Re: sched/debug: CPU hotplug operation suffers in a large cpu systems

2022-12-12 Thread Phil Auld
Hi,

On Tue, Nov 08, 2022 at 01:24:39PM +0100 Greg Kroah-Hartman wrote:
> On Tue, Nov 08, 2022 at 03:30:46PM +0530, Vishal Chourasia wrote:
> > 
> > Thanks Greg & Peter for your direction. 
> > 
> > While we pursue the idea of having debugfs based on kernfs, we thought about
> > having a boot time parameter which would disable creating and updating of 
> > the
> > sched_domain debugfs files and this would also be useful even when the 
> > kernfs
> > solution kicks in, as users who may not care about these debugfs files would
> > benefit from a faster CPU hotplug operation.
> 
> Ick, no, you would be adding a new user/kernel api that you will be
> required to support for the next 20+ years.  Just to get over a
> short-term issue before you solve the problem properly.

I'm not convinced moving these files from debugfs to kernfs is the right
fix.  That will take it from ~50 back to ~20 _minutes_ on these systems.
I don't think either of those numbers is reasonable.

The issue as I see it is the full rebuild for every change with no way to
batch the changes. How about something like the below?

This puts the domains/* files under the sched_verbose flag. About the only
thing under that flag now are the detailed topology discovery printks anyway
so this fits together nicely.

This way the files would be off by default (assuming you don't boot with
sched_verbose) and can be created at runtime by enabling verbose. Multiple
changes could also be batched by disabling/makeing changes/re-enabling.

It does not create a new API, uses one that is already there.

> 
> If you really do not want these debugfs files, just disable debugfs from
> your system.  That should be a better short-term solution, right?

We do find these files useful at times for debugging issue and looking
at what's going on on the system.

> 
> Or better yet, disable SCHED_DEBUG, why can't you do that?

Same with this... useful information with (modulo issues like this)
small cost. There are also tuning knobs that are only available
with SCHED_DEBUG. 


Cheers,
Phil

---

sched/debug: Put sched/domains files under verbose flag

The debug files under sched/domains can take a long time to regenerate,
especially when updates are done one at a time.

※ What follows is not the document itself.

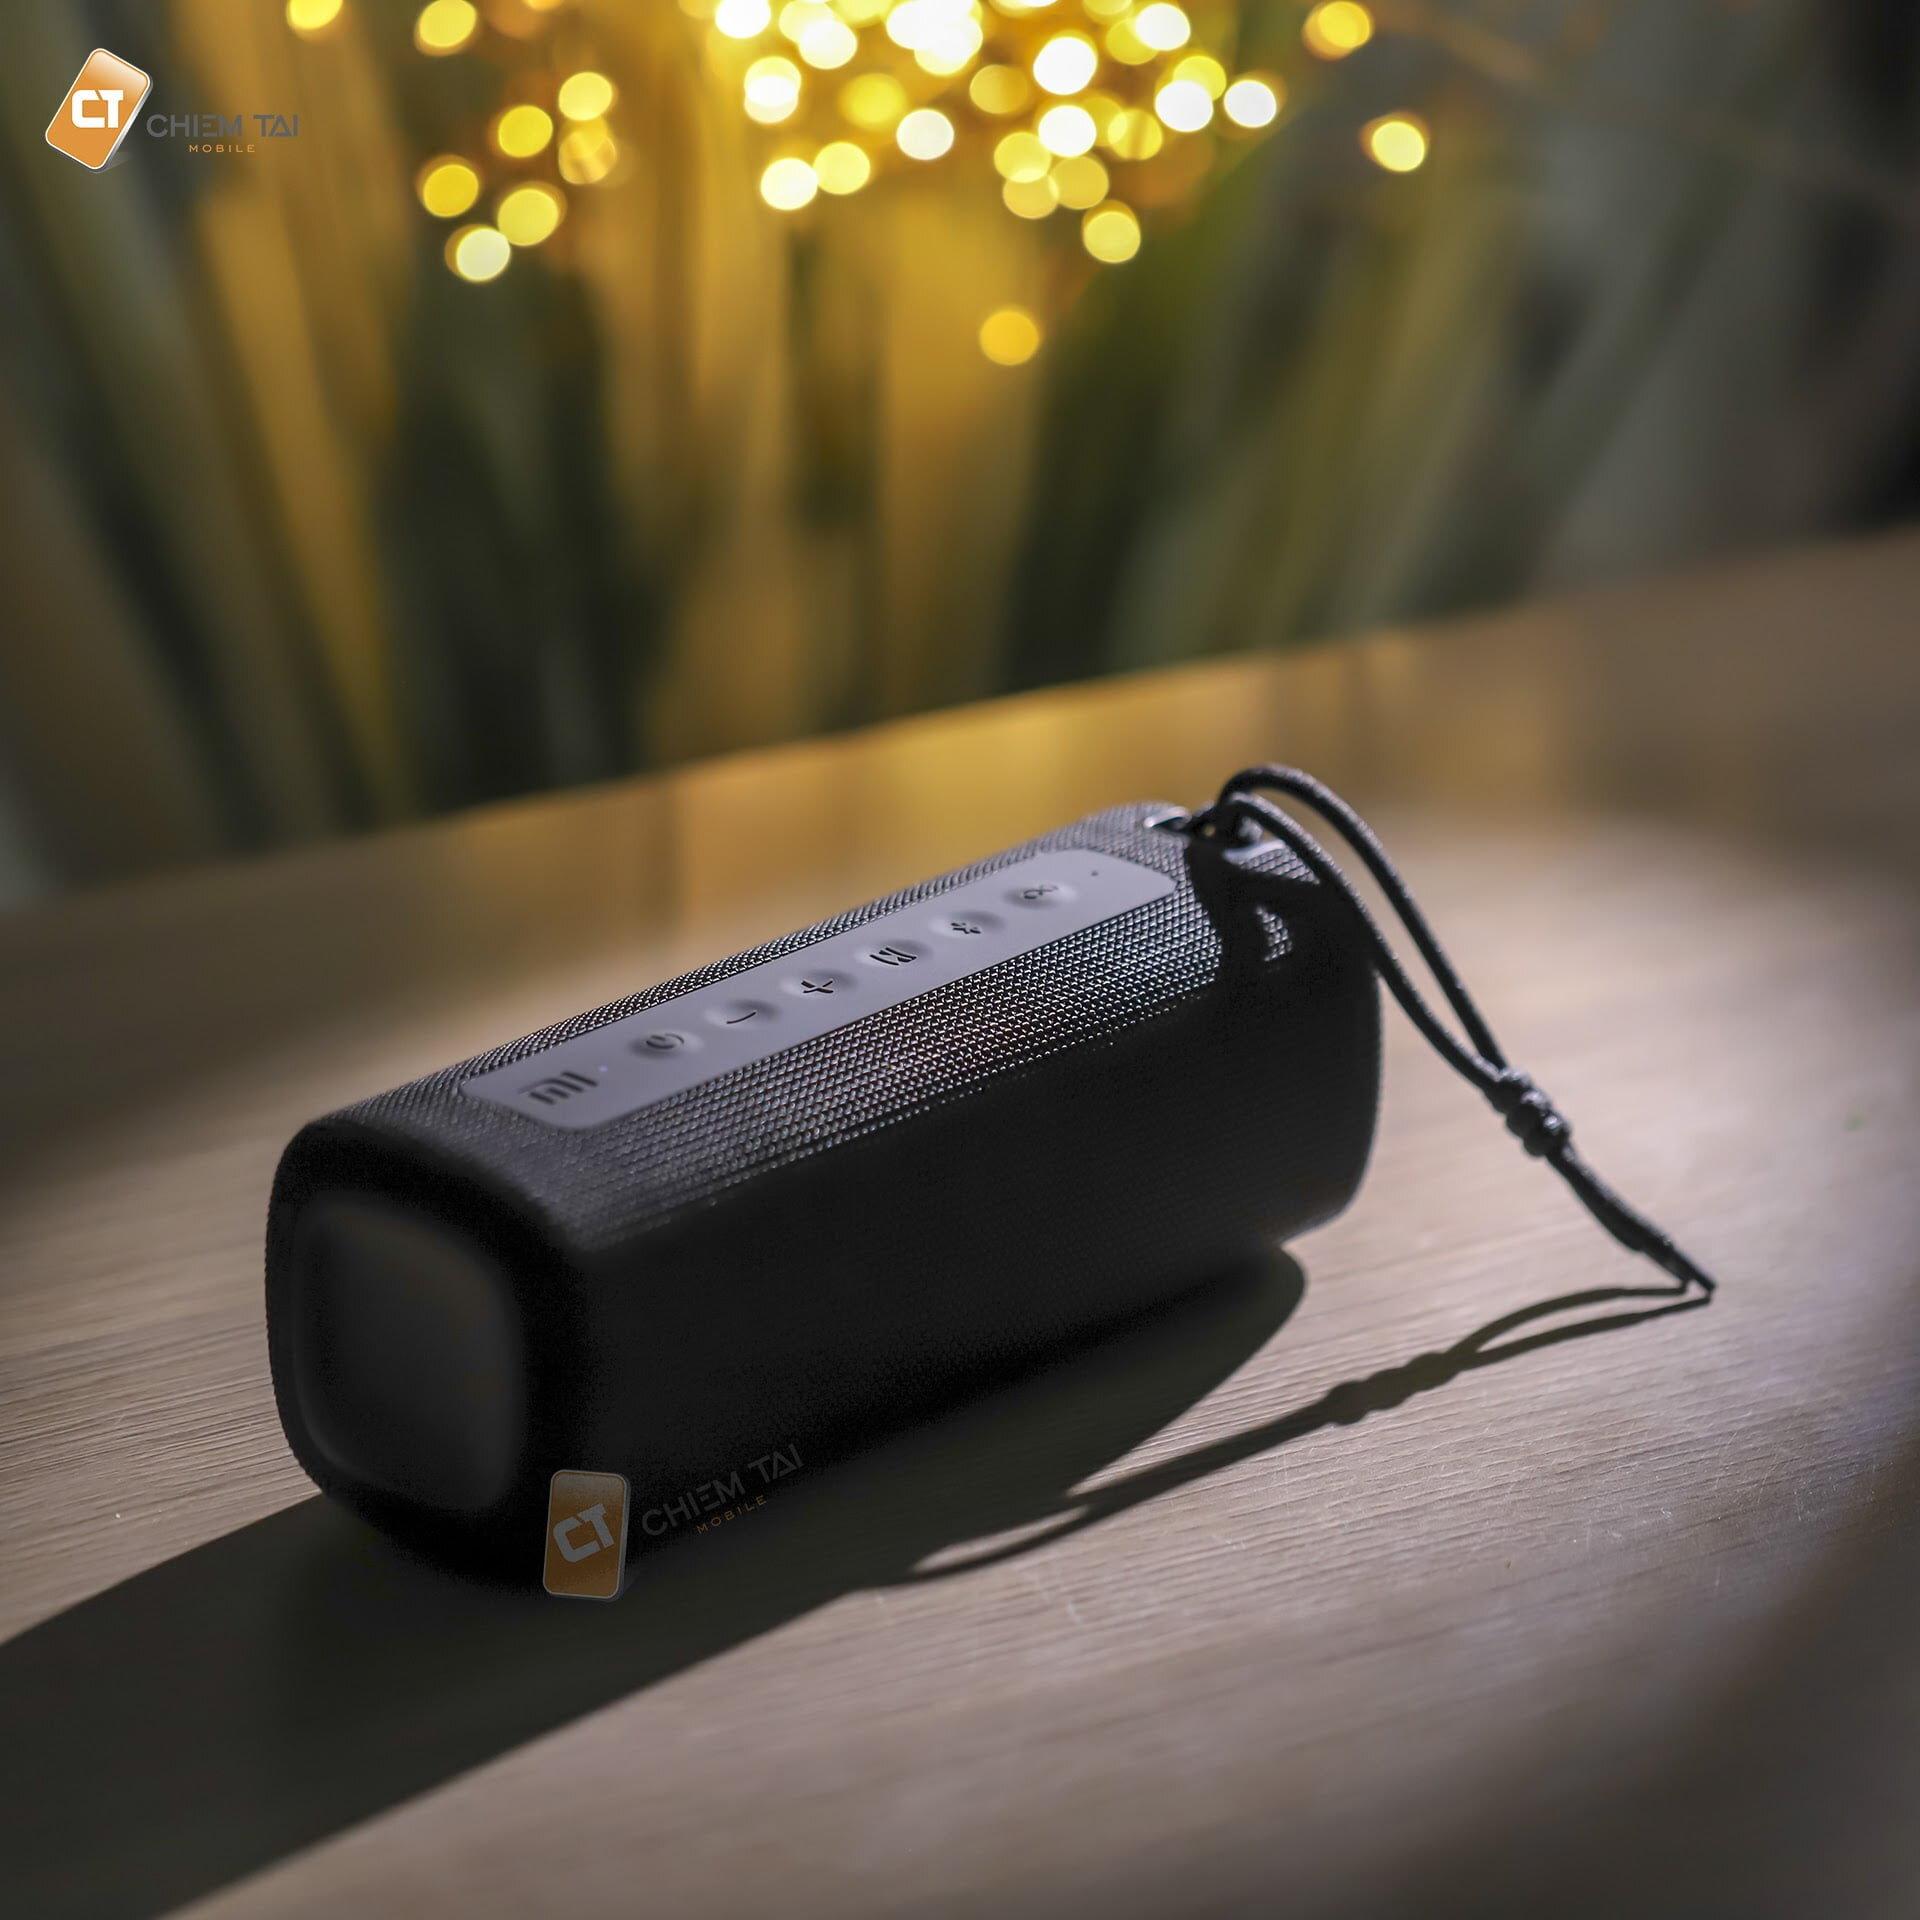 Loa Bluetooth Outdoor Xiaomi Portable Speaker 16W

Move these files under
the verbose debug flag. Allow changes to verbose to trigger generation
of the files. This lets a user batch the updates but still have the
information available.  The detailed topology printk messages are also
under verbose.

Signed-off-by: Phil Auld 
---
 kernel/sched/debug.c | 68 ++--
 1 file changed, 66 insertions(+), 2 deletions(-)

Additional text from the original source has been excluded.